*To do*. An exact reprint of the listing is required, with no pictures included.

*Dataset extract*.
◆ ◆ ◆

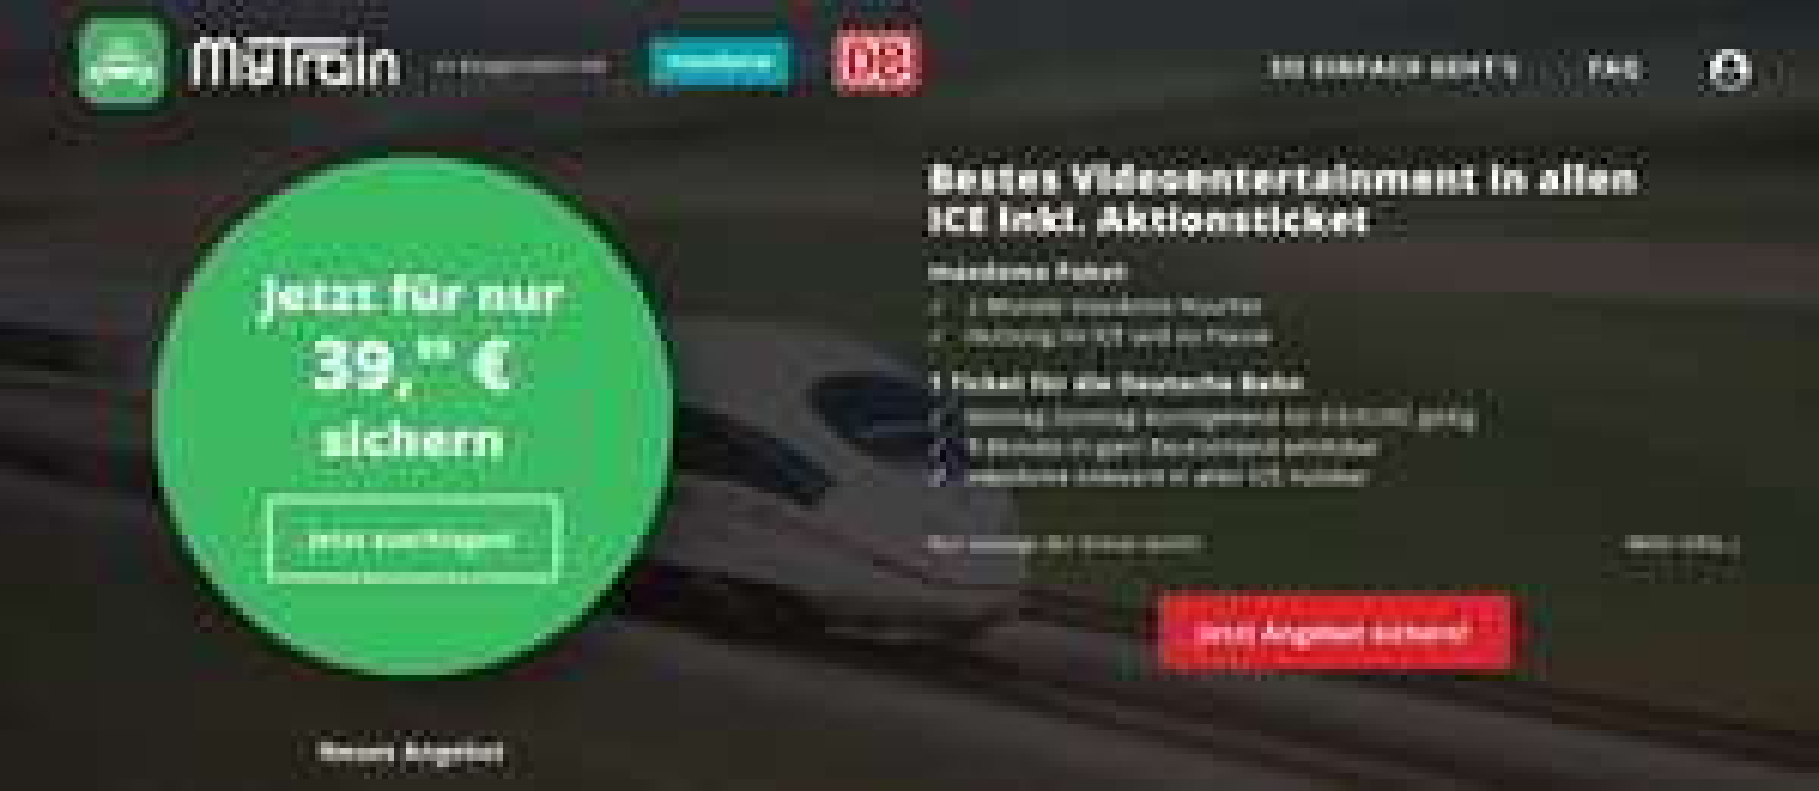 Bahn-Sparticket für nur 39,99 €  durch Deutschland + Maxdome
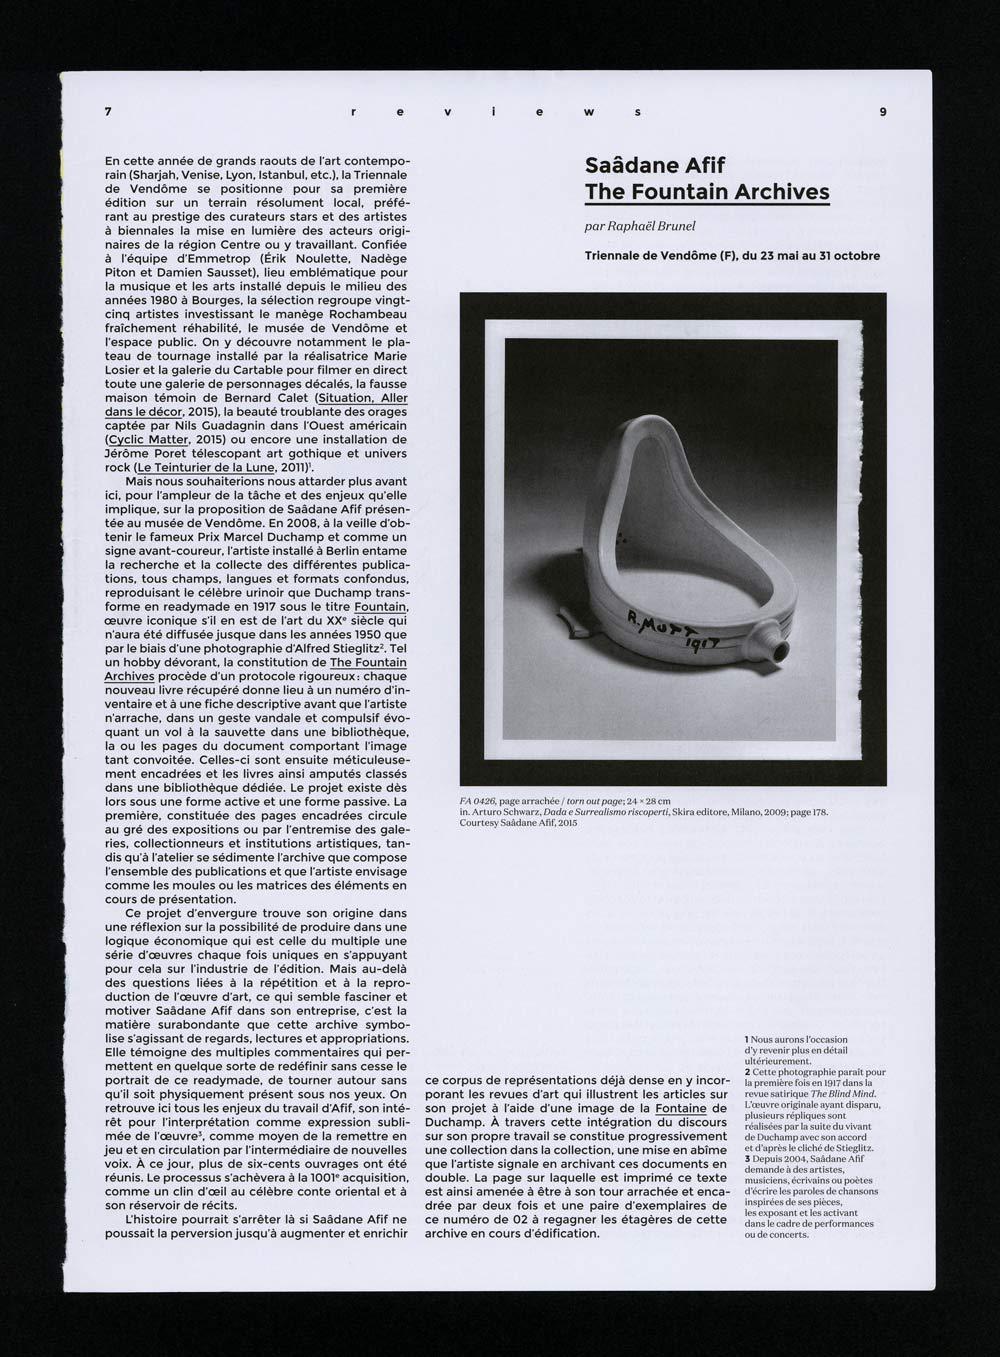 Cadre Original Pour Plusieurs Photos fa 0618 - the fountain archives
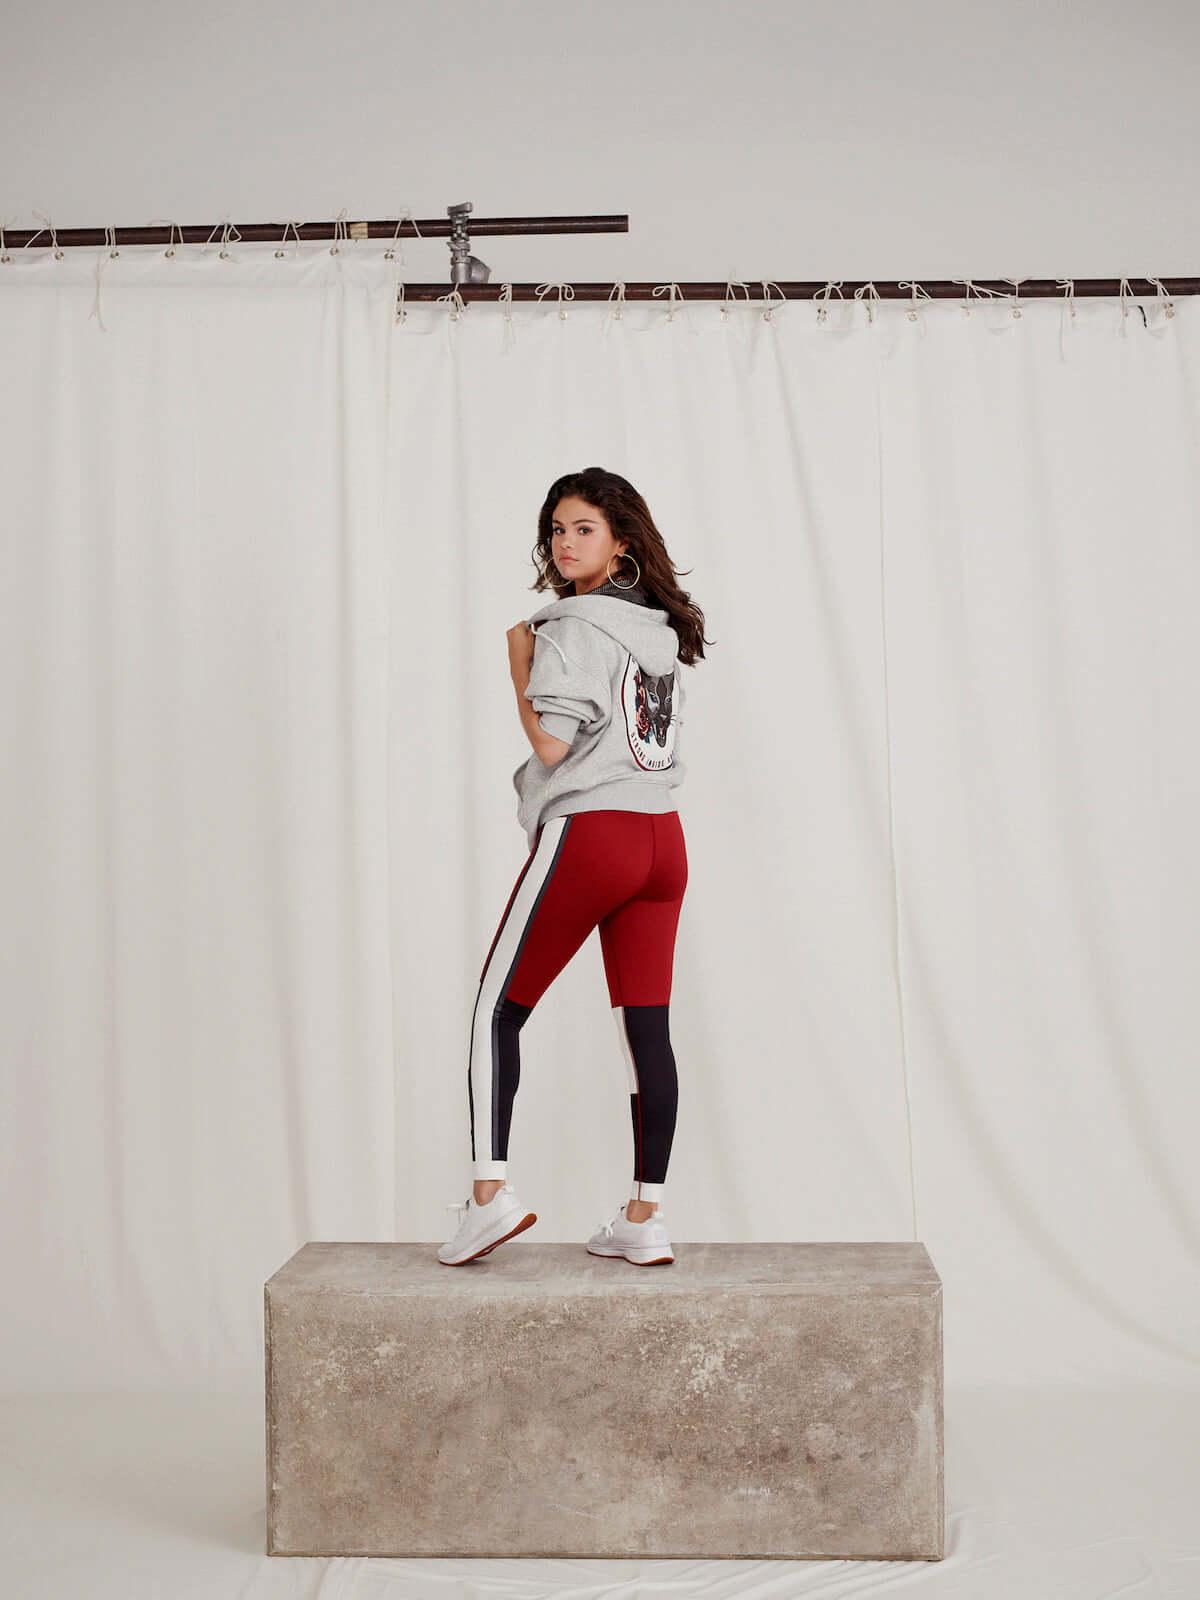 プーマ×セレーナ・ゴメス 80・90年代LAのバイブス感じられるSG Runnerなどが登場! fashion181130_puma_8-1200x1600
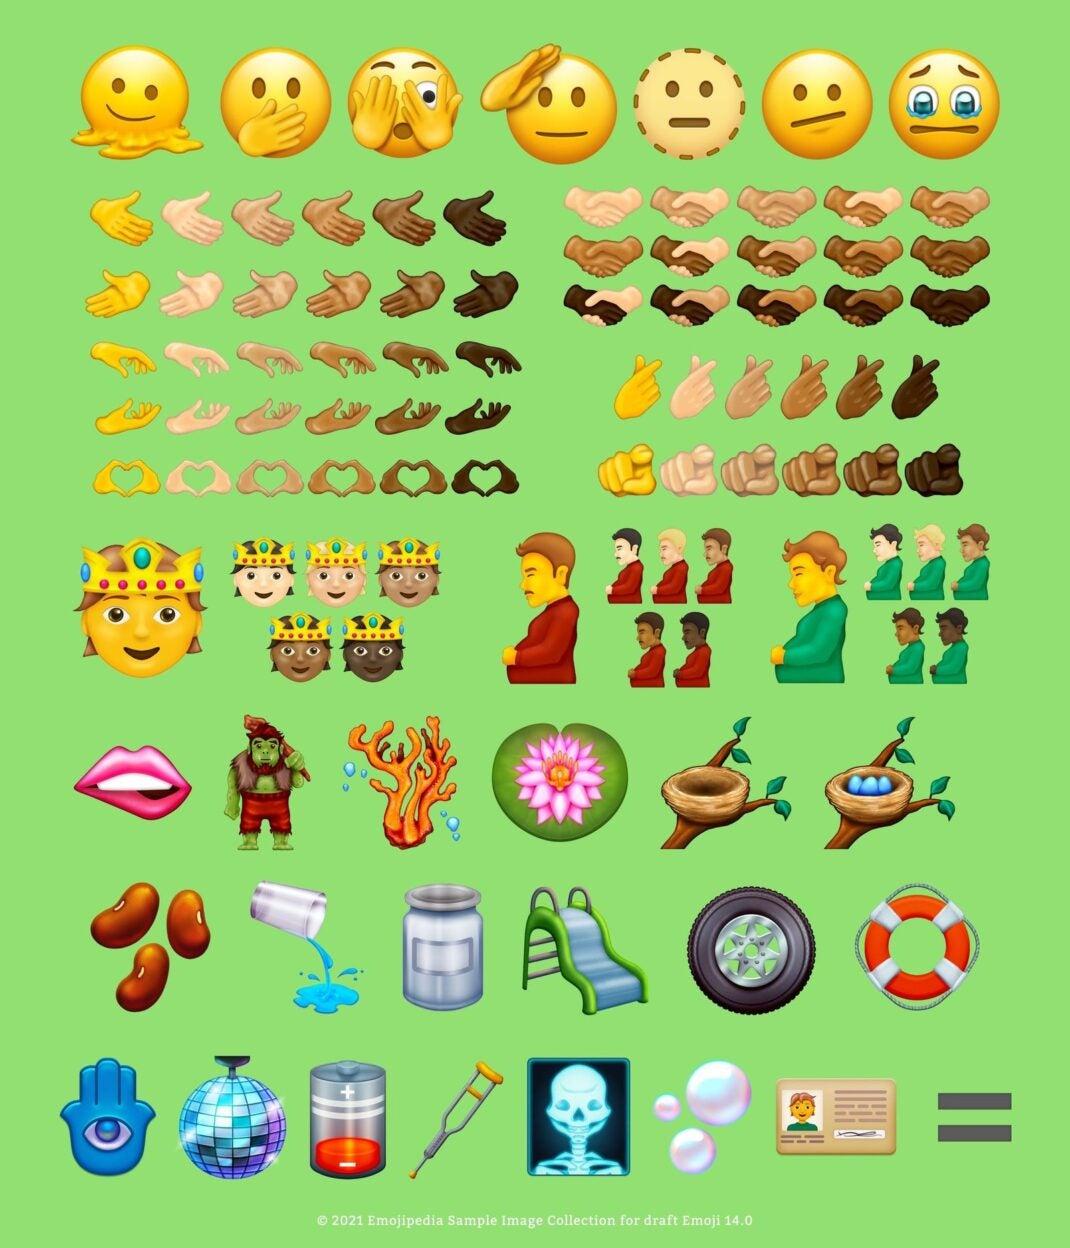 Die neuen Emojis in Version 14.0

◆ ◆ ◆

*Reply to the task*.
 Bahn-Sparticket für nur 39,99 €  durch Deutschland + Maxdome
 Cadre Original Pour Plusieurs Photos fa 0618 - the fountain archives
 プーマ×セレーナ・ゴメス 80・90年代LAのバイブス感じられるSG Runnerなどが登場! fashion181130_puma_8-1200x1600
 Die neuen Emojis in Version 14.0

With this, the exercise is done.